ISO/IEC 9899:202x (E) working draft — February 5, 2020 C17..C2x N2479:

6.5.14 Logical OR operator:

4. If the first operand compares unequal to 0, the second operand is not evaluated.

Context: There is one C compiler, which generates warning condition is always true / false for expressions involving logical operators. For example, if in expression a || b variable b is unequal to 0, then the compiler generates condition is always true (mentioning the position of b in the source code).

Question: Can the fact of generation of such a warnings be interpreted as a violation of 6.5.14.4? Please, provide explanation / argumentation / references.
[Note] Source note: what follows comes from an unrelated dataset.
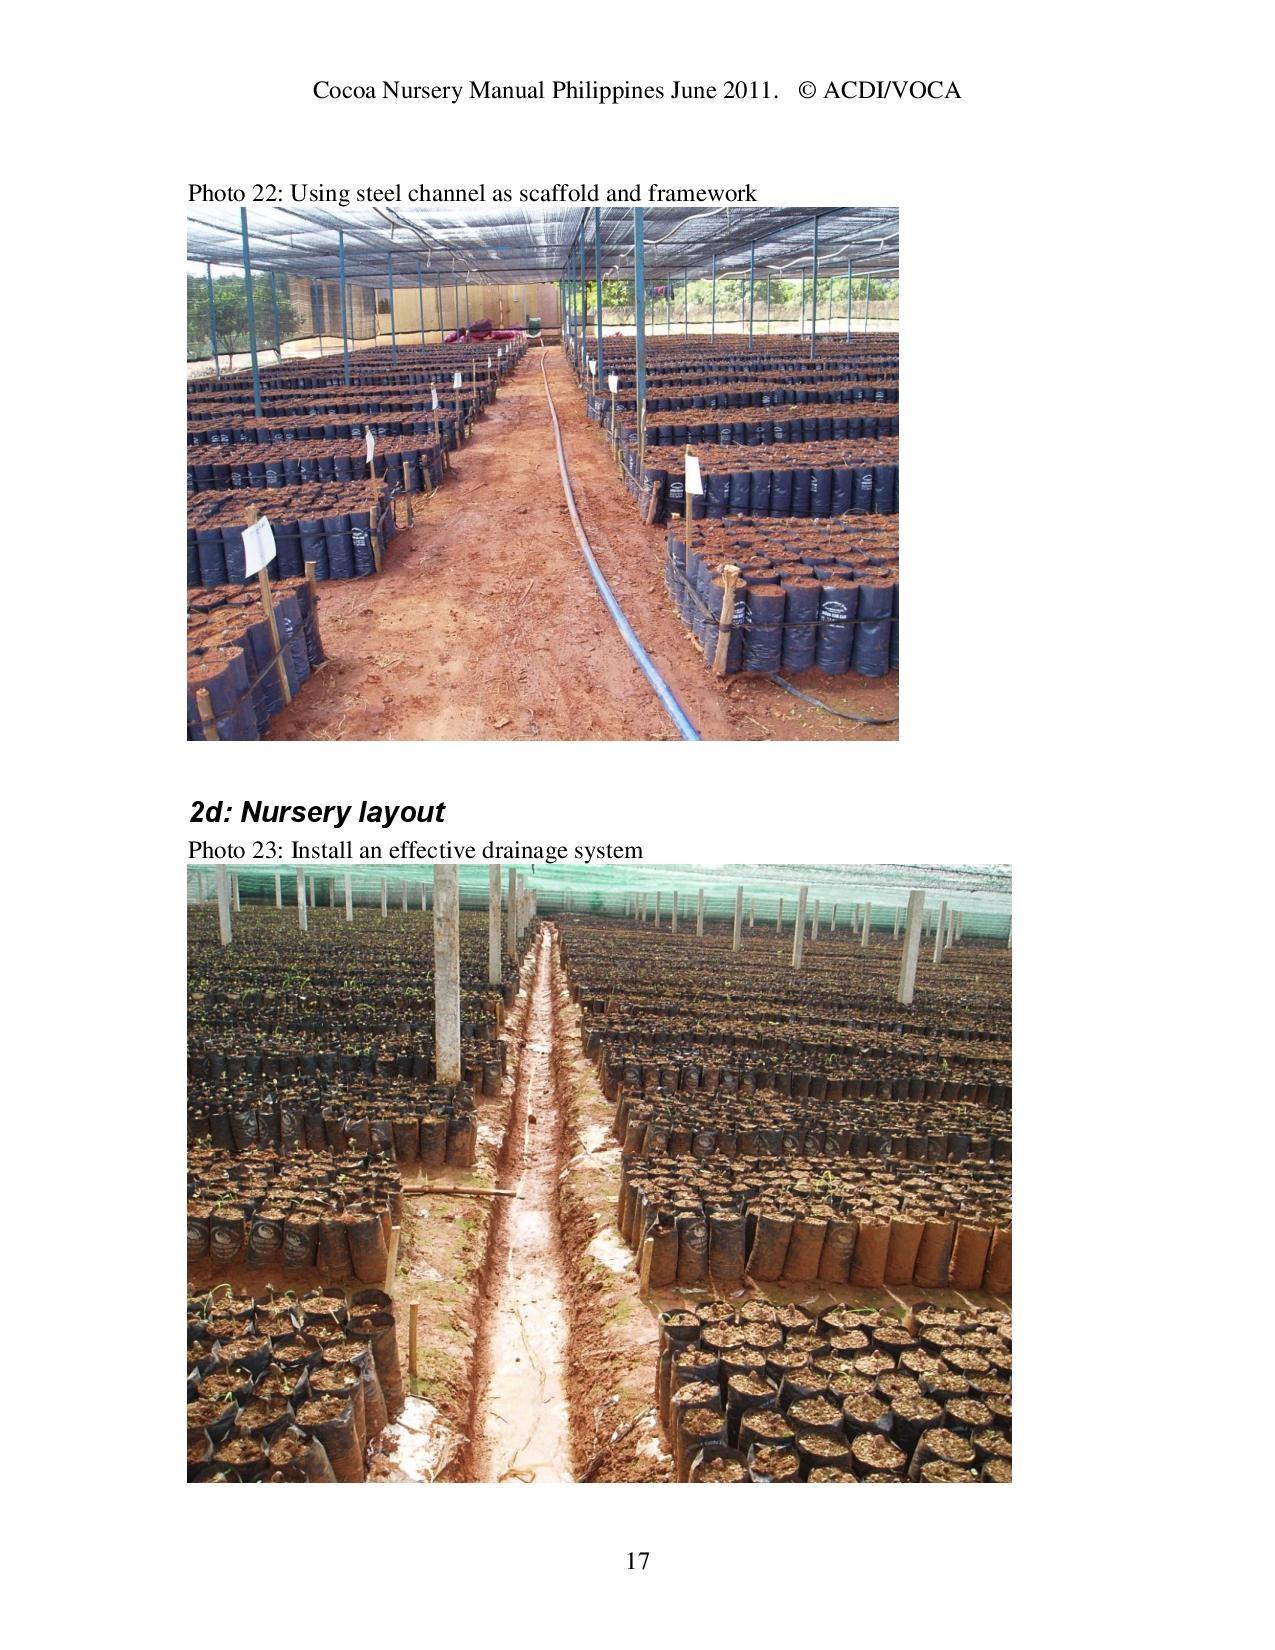 Cocoa-Nursery-Manual-2011_acdi-voca-page-017

Note: gcc / clang / cl (configured with the highest warning level) does not generate any warnings for the example above.

UPD. MRE:

int main(void)
{
    int c1 = 1, c2 = 1, r = 0;
    if ( c1 || c2 ) { r = 1; }
    return r;
}
$ cc x.c
x.c:4:10: warning: condition is always true
x.c:4:16: warning: condition is always true

Answer 1

While one might argue the only way the compiler could have known the value of the second operand of || was to have evaluated it, and this violates the prohibition on evaluation in C 2018 6.5.14 4 (“… If the first operand of an || compares unequal to 0, the second operand is not evaluated”) if the first operand compares unequal to 0, it is understood that “evaluation” refers to evaluations made during program execution, not translation. The C conceptual models described in C 2018 5.1 separate translation and execution. 6.5.14 4 is a prohibition on evaluation during program execution, not during translation.